USDJPY is currently trading near 158.00, reflecting elevated volatility amid growing suspicions of another round of currency interventions by Japan’s Ministry of Finance. According to some estimates, during Golden Week, the government spent tens of billions of dollars to prop up the yen, temporarily pushing the pair down to 155.00. Authorities took advantage of thin holiday liquidity to influence the exchange rate as effectively as possible.
These interventions cooled bullish sentiment and reduced the number of short speculative positions. However, the fundamental picture remains unfavorable for the yen. The primary driver behind the pair’s rally is the significant monetary divergence between the Federal Reserve (Fed) and the Bank of Japan (BoJ). Additionally, the Asian country relies heavily on energy and food imports, making the yen’s weakness even more painful for the economy and limiting the BoJ’s scope for rate hikes.

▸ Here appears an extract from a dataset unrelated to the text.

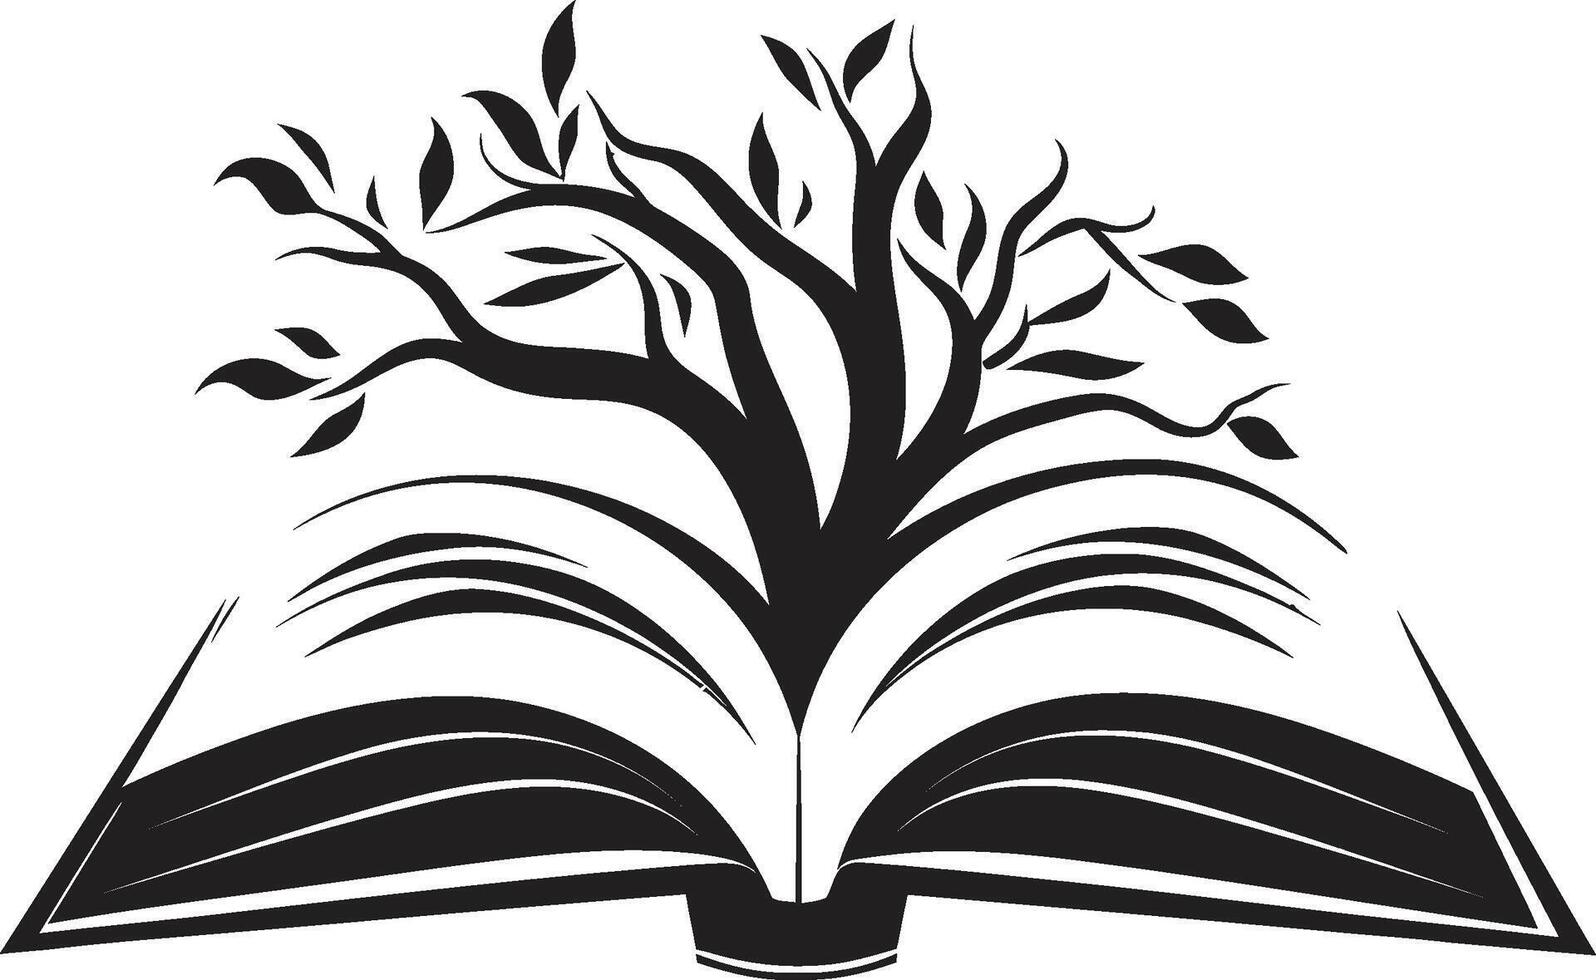 noir Buch Symbol stilvoll Emblem Design mit öffnen Buch Illustration lesen Erfahrung Symbol glatt schwarz Logo mit öffnen Buch Design vektor

As if this wasn’t enough, Japan is struggling with rising government debt, which now stands at nearly 250% of GDP. This week, long-term government bond yields hit new records. Returns on 10-year securities jumped to 2.6%, on 20-year notes to 3.5%, and on 30-year bonds to 3.9%. This trend automatically increases new borrowing costs and future debt servicing expenses—a serious long-term concern for investors and a key reason for further selling of both Japanese bonds and the yen.
The final recommendation:
— Buy USDJPY at the current price, targeting the 160.700 level within a couple of months.
— Place Stop Loss at 155.000, just below support, to mitigate the risk if the market plays against us.